For development work:
```bash
make setup-dev
```
This command sets up the development environment with Poetry.
##### Workflow Environment

For working with the snakemake workflow:
```bash
make setup-workflow
```
This creates an environment specifically configured for running the sr2silo in snakemake workflows.

##### All Environments

You can set up all environments at once:
```bash
make setup-all
```

### Additional Setup for Development

After setting up the development environment:
```bash
conda activate sr2silo-dev
poetry install --with dev
poetry run pre-commit install
```

### Run Tests

```bash
make test
```
or
```bash
conda activate sr2silo-dev
pytest
```

### Usage

sr2silo follows a two-step workflow:

1. **Process data:** `sr2silo process-from-vpipe --help`
2. **Submit to Loculus:** `sr2silo submit-to-loculus --help`

#### Quick Start

```bash
# Process data
sr2silo process-from-vpipe \
    --input-file input.bam \
    --sample-id SAMPLE_001 \
    --timeline-file timeline.tsv \
    --organism covid \
    --output-fp output.ndjson.zst

# Submit to Loculus
sr2silo submit-to-loculus \
    --processed-file output.ndjson.zst
```

**Supported organisms:** `covid`, `rsva` (and others as references are added)

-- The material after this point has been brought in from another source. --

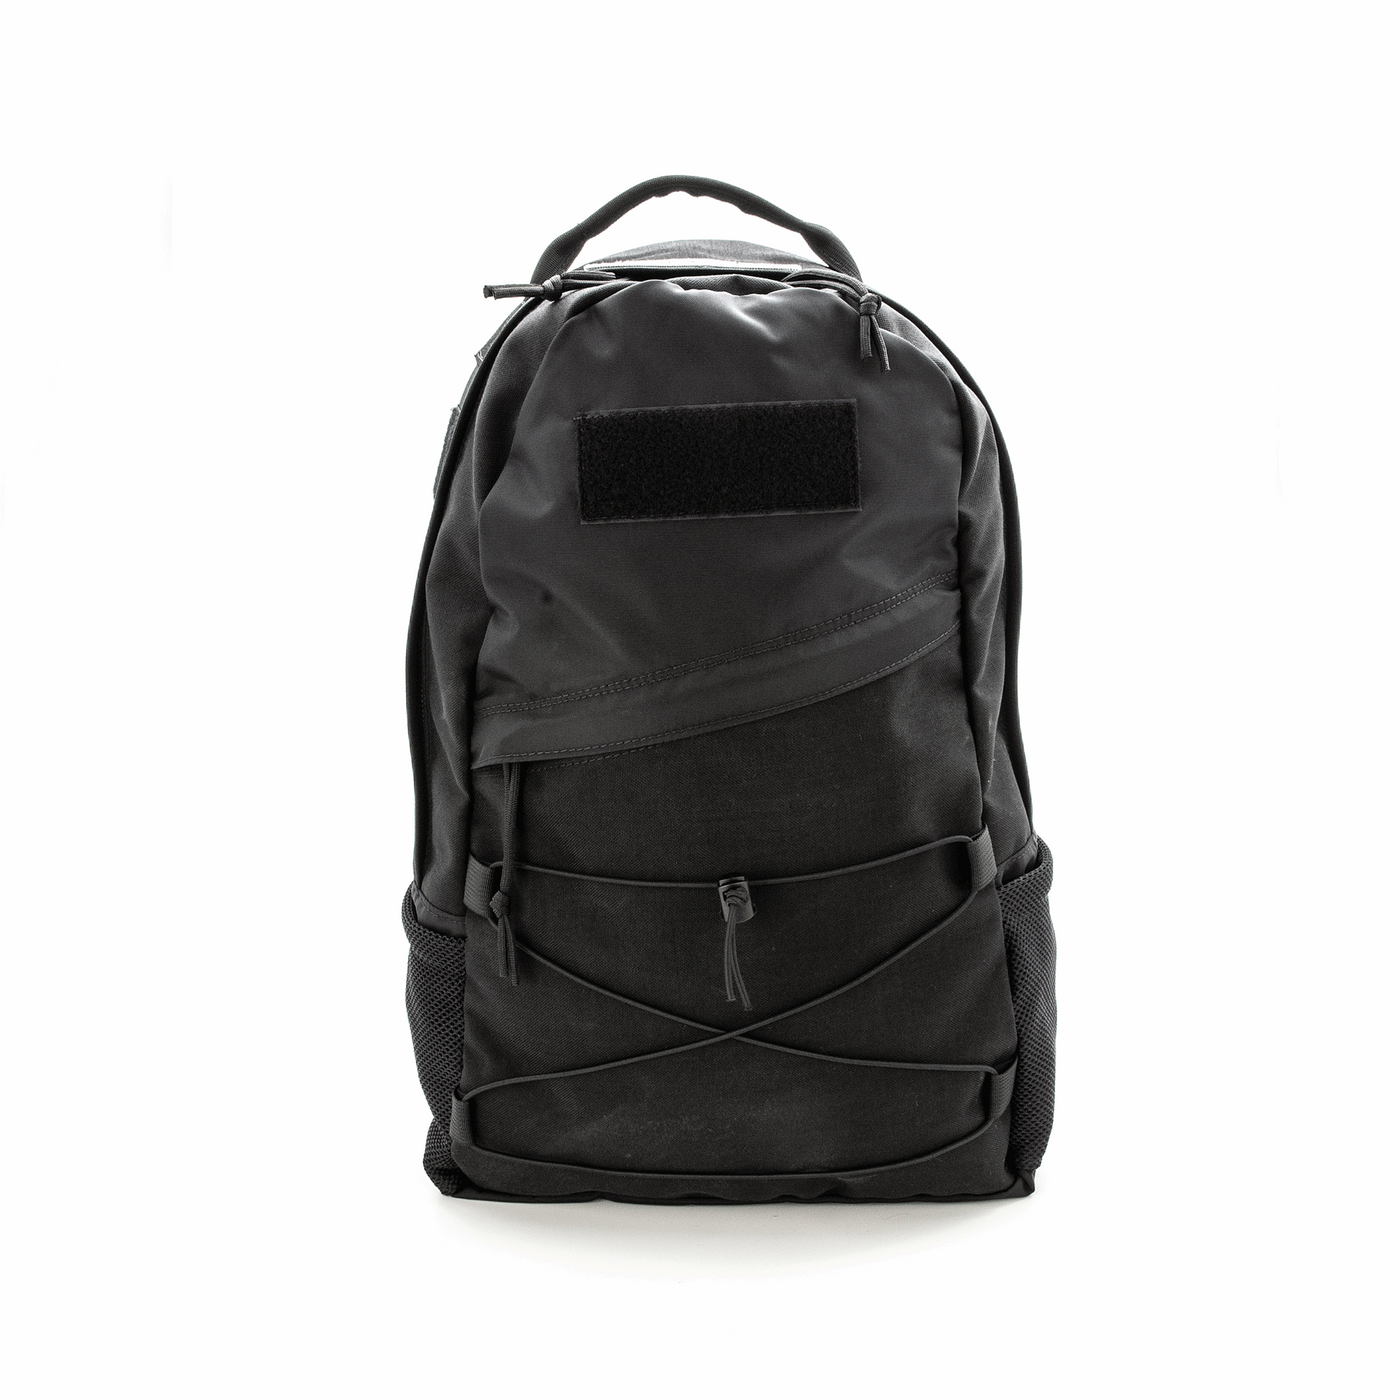 Maglite EDC Black Backpack

For detailed usage, organism configuration, and environment variables, see the [documentation](docs/usage/).

### Multi-Virus Deployment

For instructions on deploying the workflow for multiple viruses on a cluster with automatic daily resubmission, see the [Deployment Guide](docs/usage/deployment.md) or `deployments/README.md`.

### Environment Variables

sr2silo supports configuration via environment variables (CLI parameters take precedence):

```bash
export ORGANISM=covid
export KEYCLOAK_TOKEN_URL=https://auth.example.com/token
export BACKEND_URL=https://api.example.com/submit
export GROUP_ID=123
export USERNAME=your-username
export PASSWORD=your-password

sr2silo process-from-vpipe --input-file input.bam --sample-id SAMPLE_001 ...
```

See [docs/usage/](docs/usage/) for complete environment variable reference.